South Sudan’s Churches Hold Key to Peace

South Sudan’s Churches Hold Key to Peace
September 14, 2016 Joan Mumaw
South Sudan women praying for peace

Church Has Backing of Vatican to Implement an “Action Plan for Peace”

The world’s newest nation, South Sudan is majority-Christian and fraught with violence — and the Church holds the keys to making peace a reality.

The Church — meaning the Catholic Church and all of South Sudan’s Christian churches — commands universal respect and credibility with South Sudanese, according to John Ashworth, special adviser to the South Sudan Council of Churches. He told the Register that if governments and their people want to help South Sudan achieve peace, they have to work with the Church. No other institution in the country has the influence and moral authority that the South Sudanese churches possess.

The Church has stayed with the people through their most brutal periods of fighting, in the years since the British pulled out in 1956…

The tragedy of the civil war, he explained, was that South Sudanese’s fight for independence had neglected the task of nation-building and
crafting a national vision…

Right now, the Church is focused on mobilizing its resources, with the backing of the Vatican, to implement an “action plan for peace”…

Ashworth said the plan involves all levels of South Sudanese society and complements the official negotiations.
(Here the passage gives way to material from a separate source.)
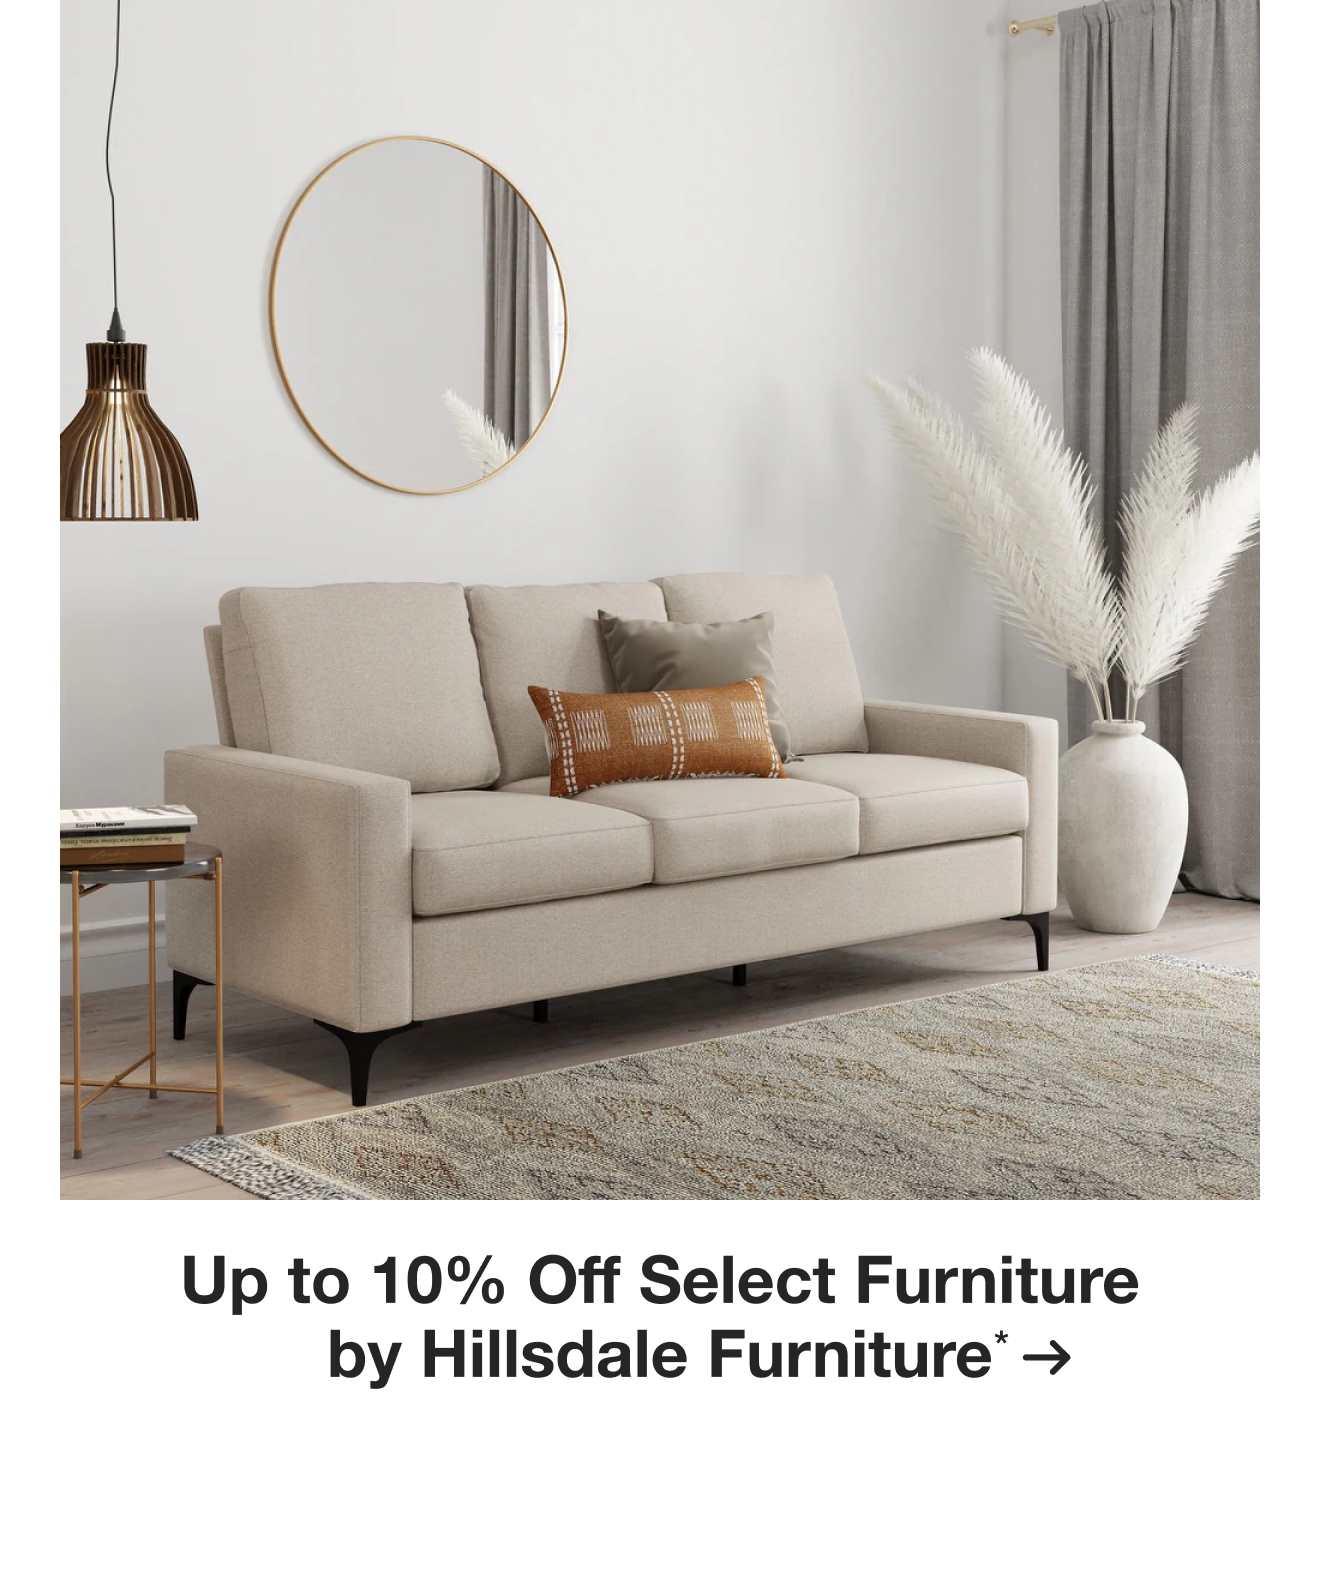 Up to 10% Off Select Furniture by Hillsdale Furniture*

The plan’s main feature involves conducting a grassroots reconciliation process where people can meet in safe, neutral forums guaranteed by the Church. They want the different stakeholders in South Sudan to come together, build trust and address the root causes of the conflict.

The plan will heavily involve women, traditionally the “great peacemakers” in South Sudanese society, who suffer the most amid conflict. They also have a great ability to mobilize themselves and their communities and exert influence in this patriarchal society.

Ultimately, the culture and habits of war that developed over 60 years have to be unlearned, Ashworth explained. Right now, South Sudan has no infrastructure and little work beyond cattle herding. South Sudan has oil, but the market’s current prices make oil more costly to pump than to sell. Added to this mix is a large pool of young civilian men who are tough, armed and have nothing to do — until someone gets killed.

South Sudan is an honor-based culture with a history of revenge killing — when fighting breaks out between individuals, it soon leads to fighting between tribes. But people follow their leaders: The question is whether the leaders will follow the Church to commit to peace.

“If we can’t solve this, I don’t know who can,” Ashworth said.